RunAnywhere.configureVoiceAgent(VoiceAgentConfiguration(
sttModelId = "whisper-tiny",
llmModelId = "qwen-0.5b",
ttsVoiceId = "en-us-default",
systemPrompt = "You are a helpful assistant. Keep responses brief.",
interruptionEnabled = true
))
VoiceAgentConfiguration
data class VoiceAgentConfiguration(
val sttModelId: String, // Speech-to-text model
val llmModelId: String, // Language model
val ttsVoiceId: String, // Text-to-speech voice
val systemPrompt: String? = null, // LLM system prompt
val vadConfiguration: VADConfiguration? = null,
val interruptionEnabled: Boolean = true // Allow user interruption
)
Process Voice Turn
Process a complete voice turn (listen → transcribe → respond → speak):
val audioData = // ... recorded audio from user
val result = RunAnywhere.processVoice(audioData)

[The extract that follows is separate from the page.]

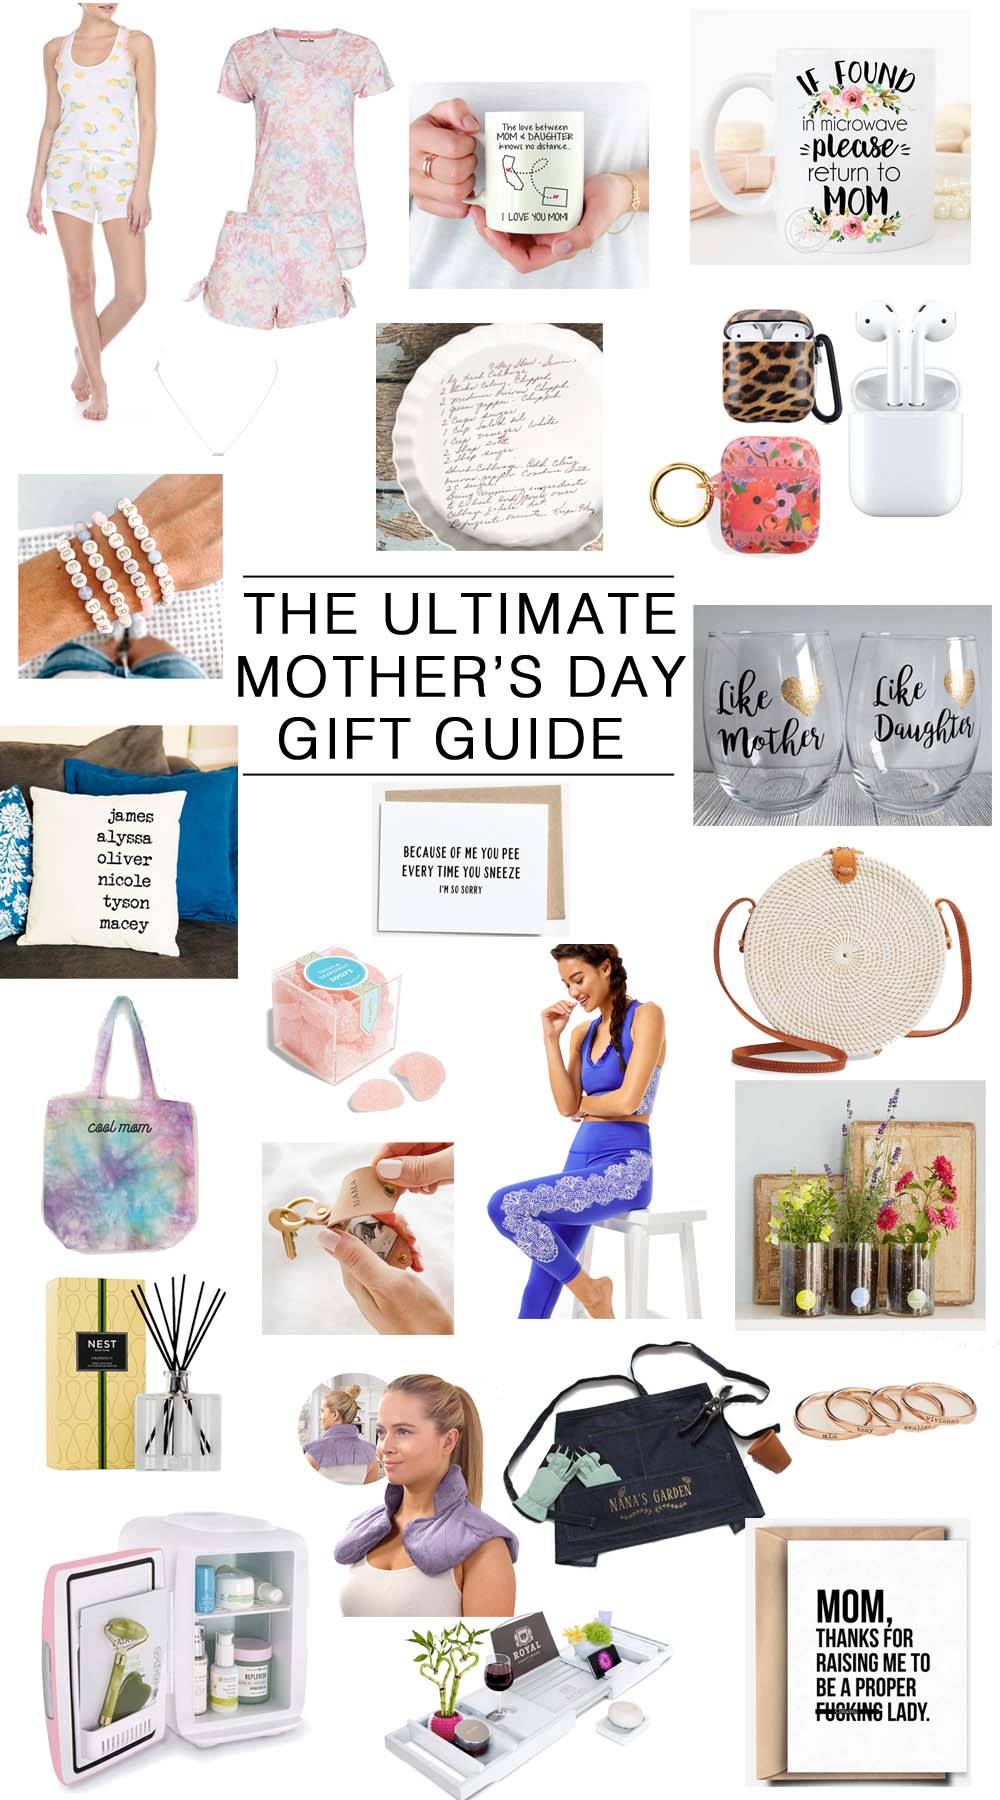 Mother's Day Gift Ideas by popular Florida life and style blog, The Modern Savvy: collage image of airpods, NEST grapefruit diffusers, personalized beaded bracelets, lemon print tank set, tie dye lounge set, Roberta Roller Rabbit, distance mug, if found mug, delicate bar necklace, custom recipe dish,leopard airpod case, floral airpod case, personalized pillow, sugarfina candy, wine glass set, cool mom tote, phot keychain, sports bra, leggins, rattan purse, birth month flower grow kit, neck/back heated wrap, garden apron, personalized rings, beauty and drink fridge, bath tray, and funny mother's day card. 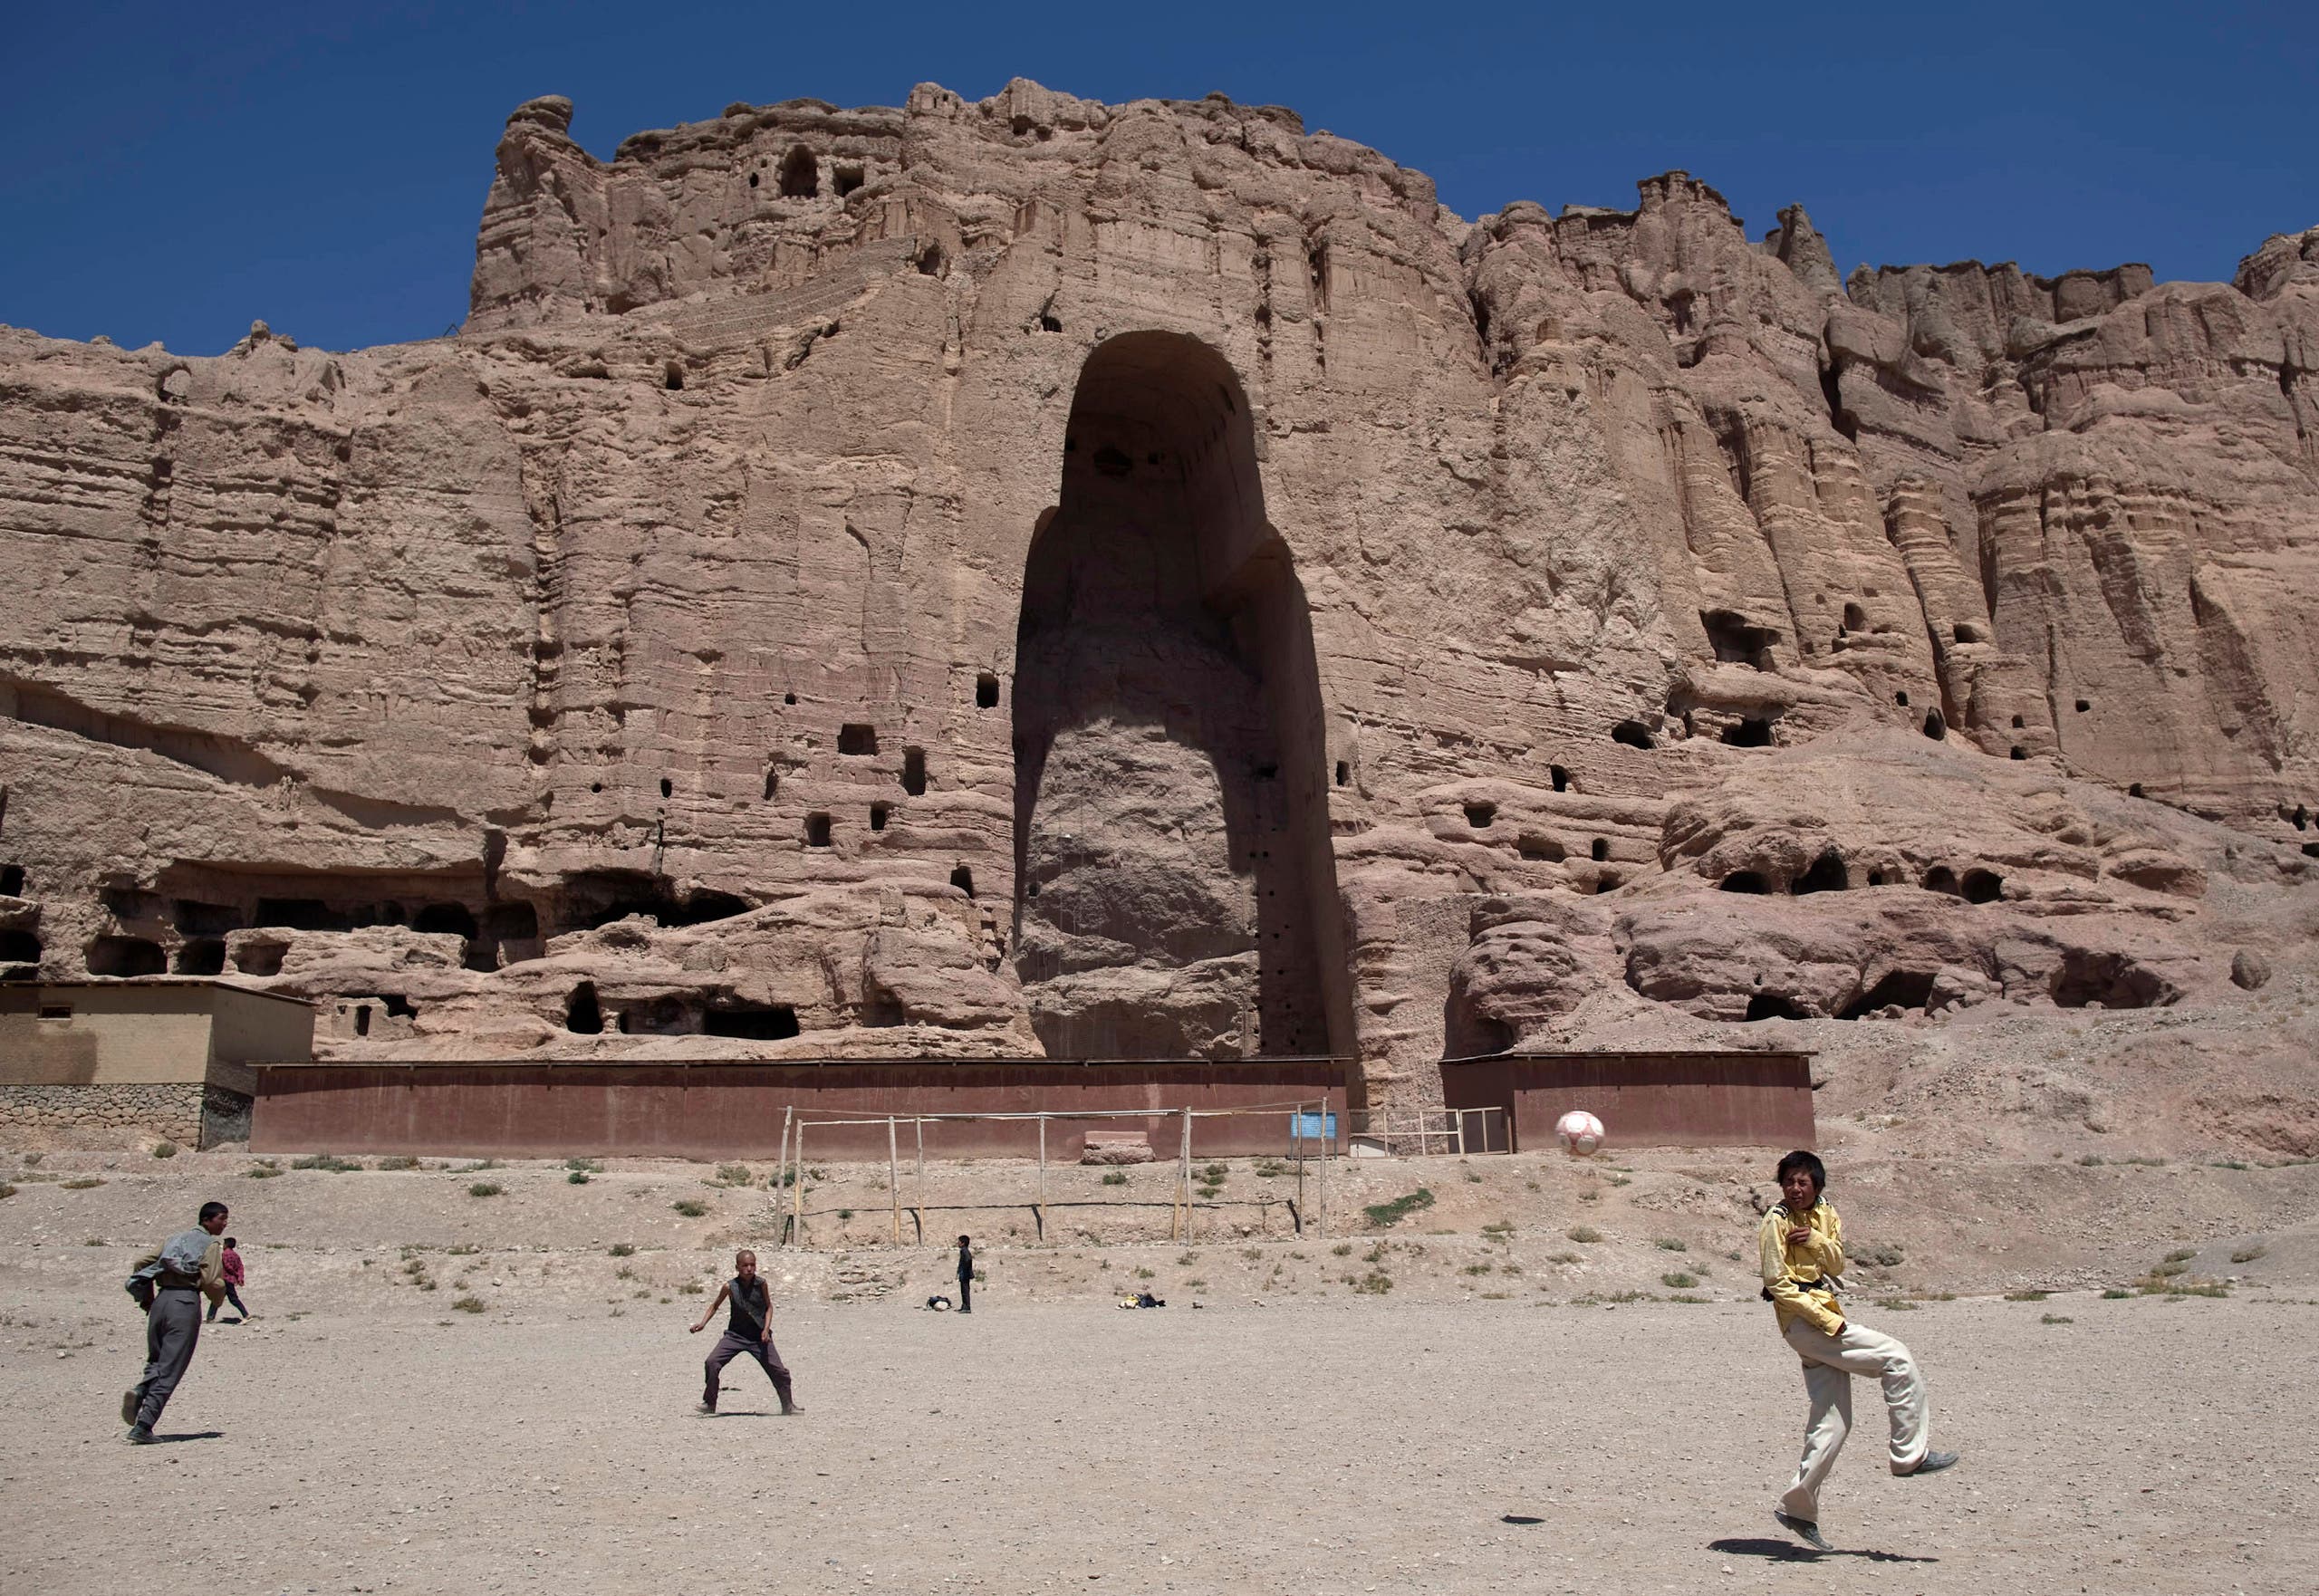 Afghan boys play soccer in front of the remains of a 1,500-year-old Buddha statue which was destroyed by the Taliban in March 2001, in the central province of Bamiyan August 22, 2011. (File photo: Reuters)

println("User said: ${result.transcription}")
println("AI response: ${result.response}")
println("Total latency: ${result.totalLatencyMs}ms")
// Play the response audio
result.audioData?.let { audio ->
audioPlayer.play(audio)
}
VoiceAgentResult
| Property | Type | Description |
|---|
transcription | String | User’s transcribed speech |
response | String | AI’s text response |
audioData | ByteArray? | Synthesized response audio |
totalLatencyMs | Double | Total processing time |
sttLatencyMs | Double | Speech-to-text time |
llmLatencyMs | Double | LLM generation time |
ttsLatencyMs | Double | Text-to-speech time |
Voice Session (Event-Driven)
Start a continuous voice session with event streaming:
lifecycleScope.launch {
RunAnywhere.startVoiceSession()
.collect { event ->
when (event) {
is VoiceSessionEvent.Listening -> {
updateUI("Listening...")
showMicrophoneActive()
}
is VoiceSessionEvent.Transcribed -> {
updateUI("You: ${event.text}")
}
is VoiceSessionEvent.Thinking -> {
updateUI("Thinking...")
showLoadingIndicator()
}
is VoiceSessionEvent.Responded -> {
updateUI("AI: ${event.text}")
}
is VoiceSessionEvent.Speaking -> {
updateUI("Speaking...")
}
is VoiceSessionEvent.Idle -> {
updateUI("Ready")
}
is VoiceSessionEvent.Error -> {
showError(event.message)
}
}
}
}
VoiceSessionEvent
sealed class VoiceSessionEvent {
object Listening : VoiceSessionEvent()
data class Transcribed(val text: String) : VoiceSessionEvent()
object Thinking : VoiceSessionEvent()
data class Responded(val text: String) : VoiceSessionEvent()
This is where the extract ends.